Dia bahkan tidak marah padaku sama sekali, dia hanya menyuruhku makan dan istirahat? Aku merasa sangat bersalah padanya. Aku menjatuhkan tasku dilantai dan merosot ke lantai memeluk tubuhku.

***

Aku meletakkan buku yang kutenteng dan berjalan keluar dari kamarku dengan cepat menuju kamar Christ, tapi dua kali aku mengetuk pintunya tidak dijawab. Aku merangsek dengan paksa dan dia sedang membaca buku didalam kamarnya.

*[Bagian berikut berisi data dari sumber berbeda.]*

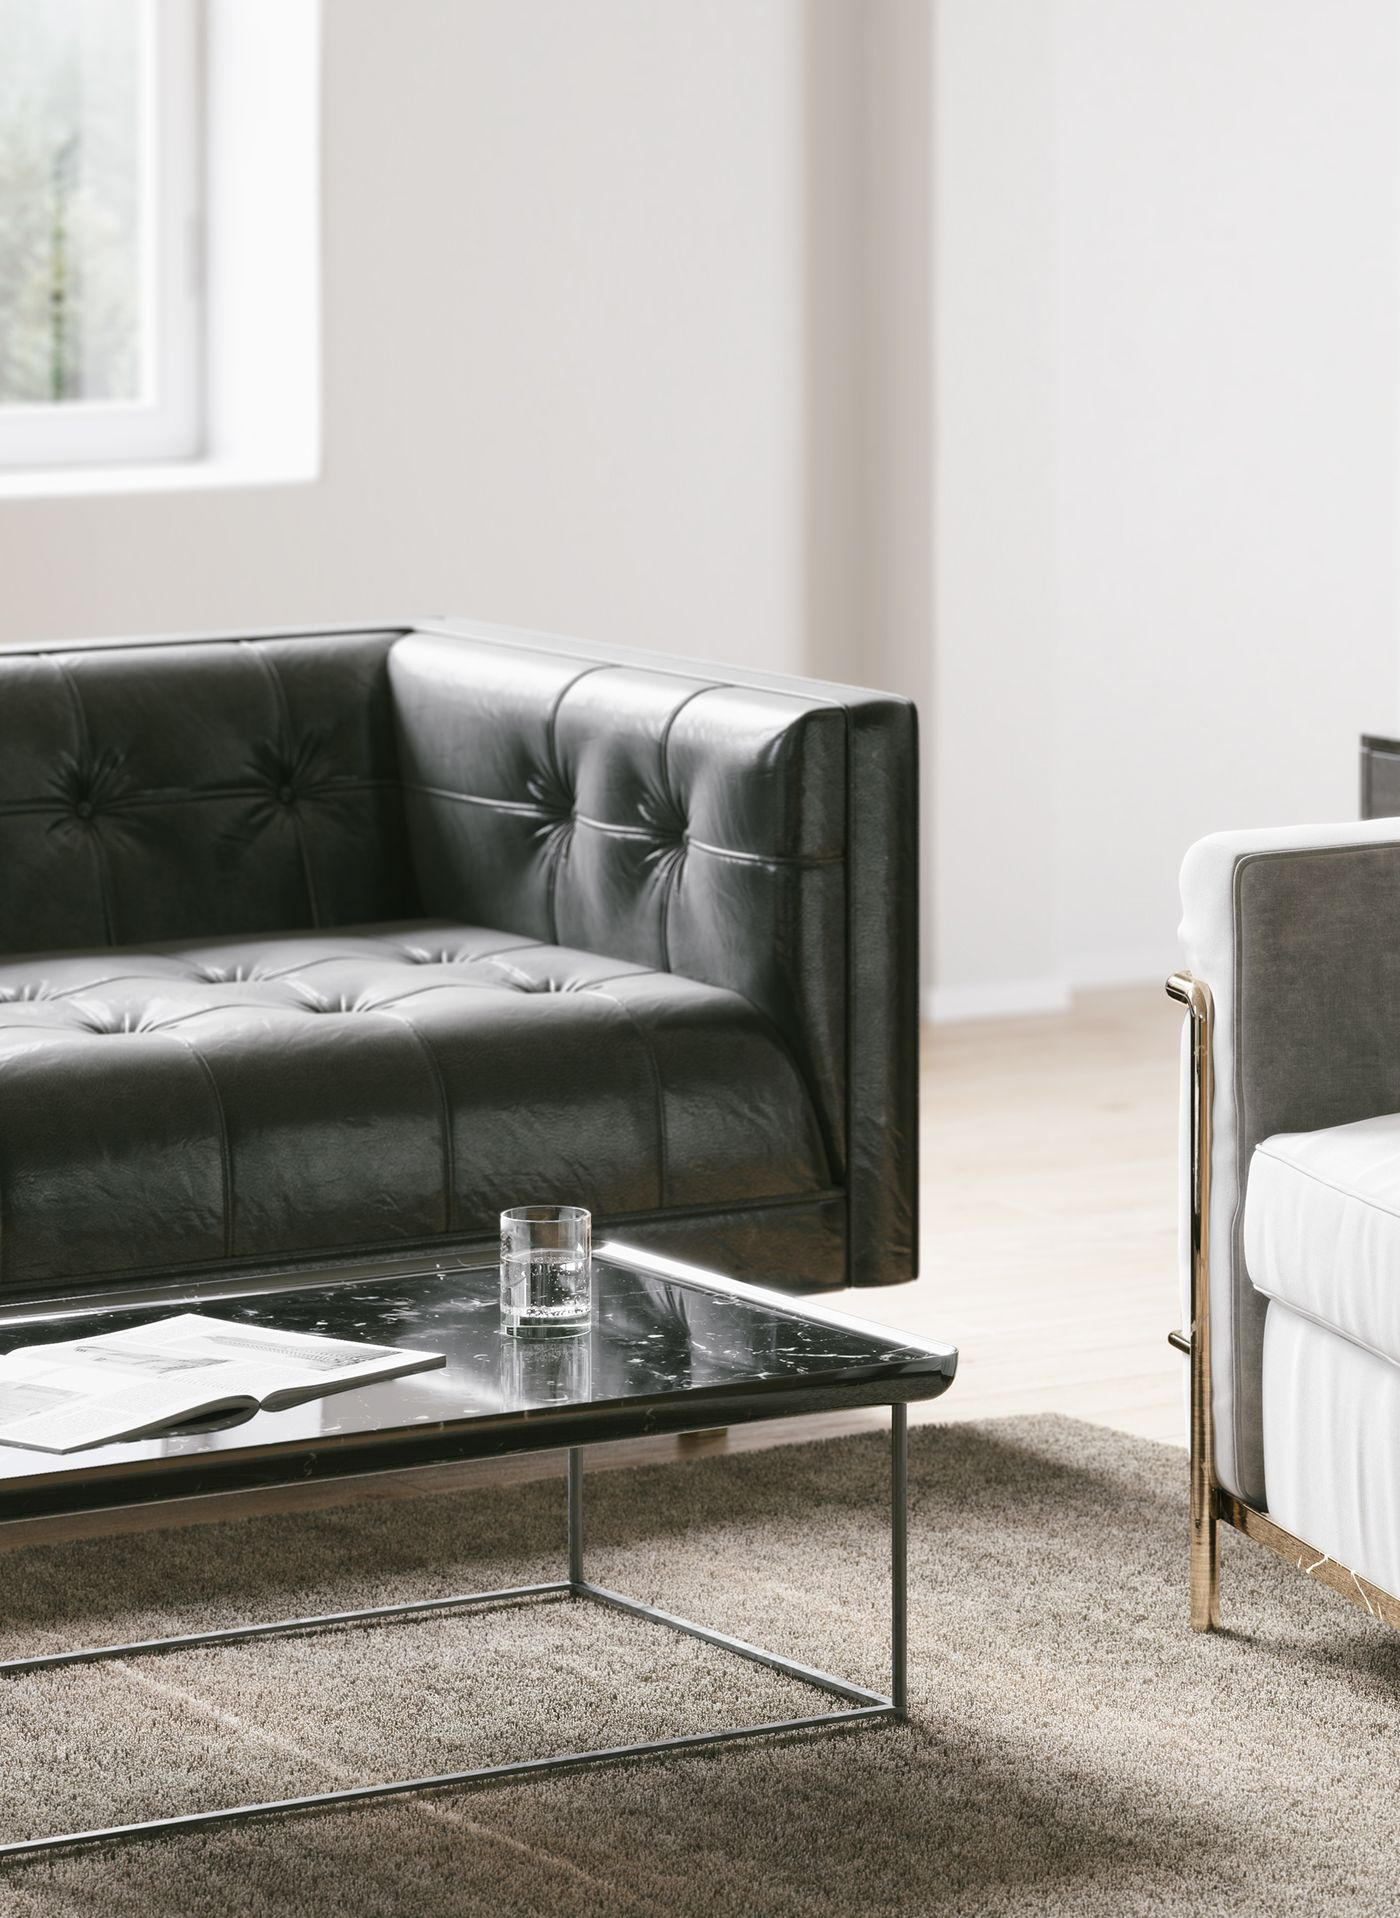 Autodesk Room Design: Living Room Side Table, 3d

Saat aku masuk dia menoleh ke arahku.

"Aku tidak mempersilahkanmu masuk." Katanya sambil menatapku.

"Aku ingin bicara." Kataku.

"Tapi aku tidak." Tolaknya.

"Kenapa kau seperti ini?!" Teriakku frustasi.

"Bertanyalah pada dirimu sendiri, kenapa kau seperti itu." Dia menutup bukunya dan meletakkannya di atas meja kemudian berjalan ke arahku.

"Kau membuatku frustasi Mr. Hudson." Aku menatapnya dengan amarah besar yang menjejali tenggorokanku.

"Aku memintamu membersihkan diri, makan dan istirahat, bukan datang kedalam kamarku dengan keadaan seperti ini." Katanya dengan dua tangan tersarung di saku celana tidurnya.

Dadaku naik turun menahan diri untuk tidak meledak didalam kamarnya, tapi mataku jelas menatap tajam padanya penuh dengan kekesalan.

"Love your self." Itu kalimat yang dia katakana sebelum berjalan ke arah pintu, membuka pintu dan membiarkannya tetap terbuka sementara dia berjalan ke arah sebaliknya, naik ke atas ranjang kemudan berbaring, menyalakan televisi.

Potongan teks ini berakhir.